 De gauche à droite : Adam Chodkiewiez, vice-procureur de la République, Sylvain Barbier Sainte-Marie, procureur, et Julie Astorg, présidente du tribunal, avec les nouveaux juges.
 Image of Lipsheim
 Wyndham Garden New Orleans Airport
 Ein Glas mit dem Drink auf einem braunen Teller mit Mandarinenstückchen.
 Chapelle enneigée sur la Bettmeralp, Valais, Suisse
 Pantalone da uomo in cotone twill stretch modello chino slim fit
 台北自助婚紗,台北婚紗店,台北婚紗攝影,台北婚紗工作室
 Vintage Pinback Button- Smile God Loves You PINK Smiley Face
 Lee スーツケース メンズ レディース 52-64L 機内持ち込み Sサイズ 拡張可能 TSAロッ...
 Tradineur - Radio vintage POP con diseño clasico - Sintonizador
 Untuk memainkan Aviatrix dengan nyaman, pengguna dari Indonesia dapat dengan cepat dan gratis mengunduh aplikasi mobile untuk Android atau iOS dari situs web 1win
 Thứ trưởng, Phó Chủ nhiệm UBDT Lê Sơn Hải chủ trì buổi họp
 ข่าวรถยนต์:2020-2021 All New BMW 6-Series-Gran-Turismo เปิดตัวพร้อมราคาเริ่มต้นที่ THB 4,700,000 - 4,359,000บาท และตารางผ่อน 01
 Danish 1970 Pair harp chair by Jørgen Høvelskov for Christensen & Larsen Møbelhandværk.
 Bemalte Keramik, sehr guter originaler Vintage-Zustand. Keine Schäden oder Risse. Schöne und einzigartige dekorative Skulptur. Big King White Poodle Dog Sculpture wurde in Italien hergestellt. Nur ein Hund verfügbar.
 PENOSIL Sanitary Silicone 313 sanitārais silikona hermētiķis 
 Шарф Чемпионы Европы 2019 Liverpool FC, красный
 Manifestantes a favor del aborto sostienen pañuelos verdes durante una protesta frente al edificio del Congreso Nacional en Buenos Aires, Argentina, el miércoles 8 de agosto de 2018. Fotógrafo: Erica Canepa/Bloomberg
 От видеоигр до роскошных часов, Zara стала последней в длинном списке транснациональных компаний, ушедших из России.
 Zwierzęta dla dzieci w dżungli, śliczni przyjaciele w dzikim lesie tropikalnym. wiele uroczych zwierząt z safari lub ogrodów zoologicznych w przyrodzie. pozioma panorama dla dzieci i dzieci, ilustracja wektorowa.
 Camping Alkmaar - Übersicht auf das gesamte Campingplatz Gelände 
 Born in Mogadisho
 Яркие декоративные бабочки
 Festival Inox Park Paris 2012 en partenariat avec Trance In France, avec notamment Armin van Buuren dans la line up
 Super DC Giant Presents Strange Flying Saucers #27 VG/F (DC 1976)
###
EXERCISE
Your reply must repeat the records above exactly and in full.

SOLUTION TO THE EXERCISE
 De gauche à droite : Adam Chodkiewiez, vice-procureur de la République, Sylvain Barbier Sainte-Marie, procureur, et Julie Astorg, présidente du tribunal, avec les nouveaux juges.
 Image of Lipsheim
 Wyndham Garden New Orleans Airport
 Ein Glas mit dem Drink auf einem braunen Teller mit Mandarinenstückchen.
 Chapelle enneigée sur la Bettmeralp, Valais, Suisse
 Pantalone da uomo in cotone twill stretch modello chino slim fit
 台北自助婚紗,台北婚紗店,台北婚紗攝影,台北婚紗工作室
 Vintage Pinback Button- Smile God Loves You PINK Smiley Face
 Lee スーツケース メンズ レディース 52-64L 機内持ち込み Sサイズ 拡張可能 TSAロッ...
 Tradineur - Radio vintage POP con diseño clasico - Sintonizador
 Untuk memainkan Aviatrix dengan nyaman, pengguna dari Indonesia dapat dengan cepat dan gratis mengunduh aplikasi mobile untuk Android atau iOS dari situs web 1win
 Thứ trưởng, Phó Chủ nhiệm UBDT Lê Sơn Hải chủ trì buổi họp
 ข่าวรถยนต์:2020-2021 All New BMW 6-Series-Gran-Turismo เปิดตัวพร้อมราคาเริ่มต้นที่ THB 4,700,000 - 4,359,000บาท และตารางผ่อน 01
 Danish 1970 Pair harp chair by Jørgen Høvelskov for Christensen & Larsen Møbelhandværk.
 Bemalte Keramik, sehr guter originaler Vintage-Zustand. Keine Schäden oder Risse. Schöne und einzigartige dekorative Skulptur. Big King White Poodle Dog Sculpture wurde in Italien hergestellt. Nur ein Hund verfügbar.
 PENOSIL Sanitary Silicone 313 sanitārais silikona hermētiķis 
 Шарф Чемпионы Европы 2019 Liverpool FC, красный
 Manifestantes a favor del aborto sostienen pañuelos verdes durante una protesta frente al edificio del Congreso Nacional en Buenos Aires, Argentina, el miércoles 8 de agosto de 2018. Fotógrafo: Erica Canepa/Bloomberg
 От видеоигр до роскошных часов, Zara стала последней в длинном списке транснациональных компаний, ушедших из России.
 Zwierzęta dla dzieci w dżungli, śliczni przyjaciele w dzikim lesie tropikalnym. wiele uroczych zwierząt z safari lub ogrodów zoologicznych w przyrodzie. pozioma panorama dla dzieci i dzieci, ilustracja wektorowa.
 Camping Alkmaar - Übersicht auf das gesamte Campingplatz Gelände 
 Born in Mogadisho
 Яркие декоративные бабочки
 Festival Inox Park Paris 2012 en partenariat avec Trance In France, avec notamment Armin van Buuren dans la line up
 Super DC Giant Presents Strange Flying Saucers #27 VG/F (DC 1976)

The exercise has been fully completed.